Jeff Bezos Protests Privacy Invasion, as He Builds Surveillance State - sbuttgereit
https://theintercept.com/2019/02/08/jeff-bezos-protests-the-invasion-of-his-privacy-as-amazon-builds-a-sprawling-surveillance-state-for-everyone-else/
======
newscracker
> But Bezos, given how much he works and profits to destroy the privacy of
> everyone else (to say nothing of the labor abuses of his company), is about
> the least sympathetic victim imaginable of privacy invasion.

That hits the nail on the head. It seems kind of like poetic justice (though I
don’t personally agree with anyone’s privacy being violated).

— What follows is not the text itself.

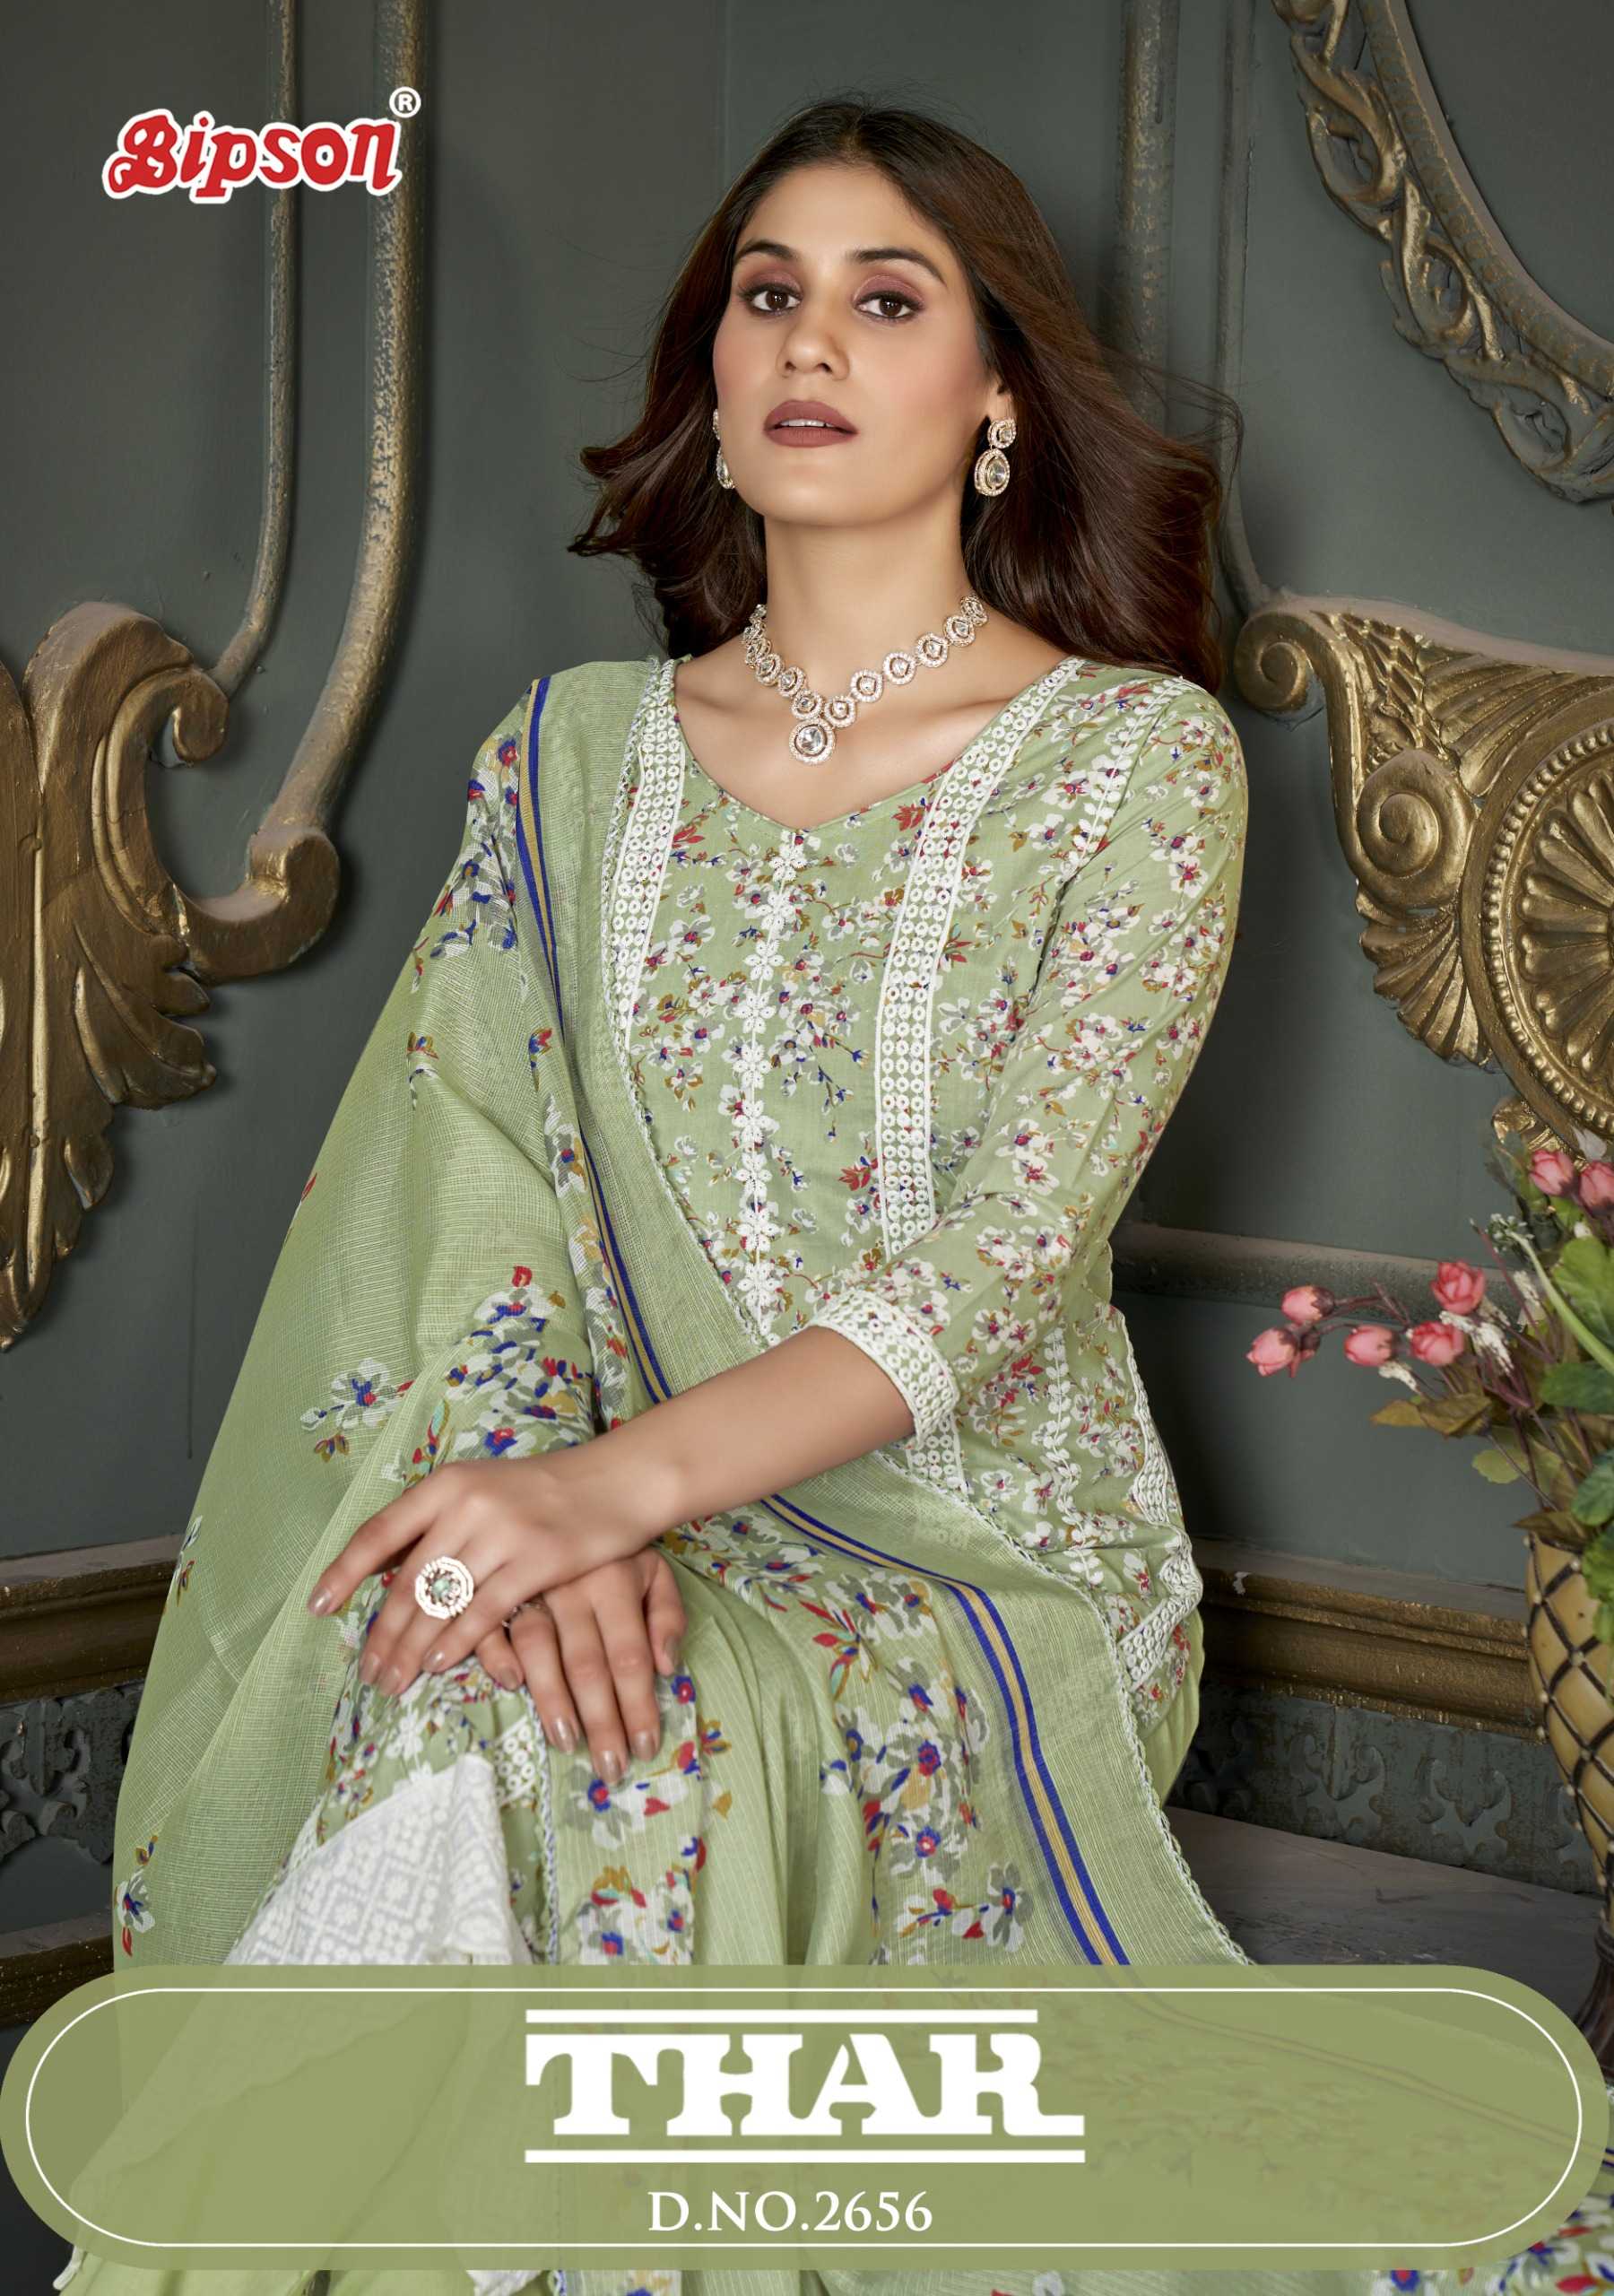 bipson print thar 2656 arriving pure cotton solid  kota chex print dress material

From the Medium post by Jeff Bezos [1] linked in this article:

> “My stewardship of The Post and my support of its mission, which will remain
> unswerving, is something I will be most proud of when I’m 90 and reviewing
> my life, if I’m lucky enough to live that long, regardless of any
> complexities it creates for me.”

Seriously, how much of a cognitive dissonance and compartmentalization must
one have to not see the ill effects of his ruthless actions when contemplating
looking back on his life when he’s 90 (or old enough)? Having one thing to be
proud of and hundreds of other things to be ashamed of — is that a good sign
of introspection?

[1]: [https://medium.com/@jeffreypbezos/no-thank-you-mr-
pecker-146...](https://medium.com/@jeffreypbezos/no-thank-you-mr-
pecker-146e3922310f)

------
faitswulff
"Jeff Bezos Protests Privacy Invasion" seems a bit of a stretch, since I can't
find him doing so anywhere on Medium or even in the linked article. He seems
to be merely dealing with the fallout without commenting on the privacy
issues.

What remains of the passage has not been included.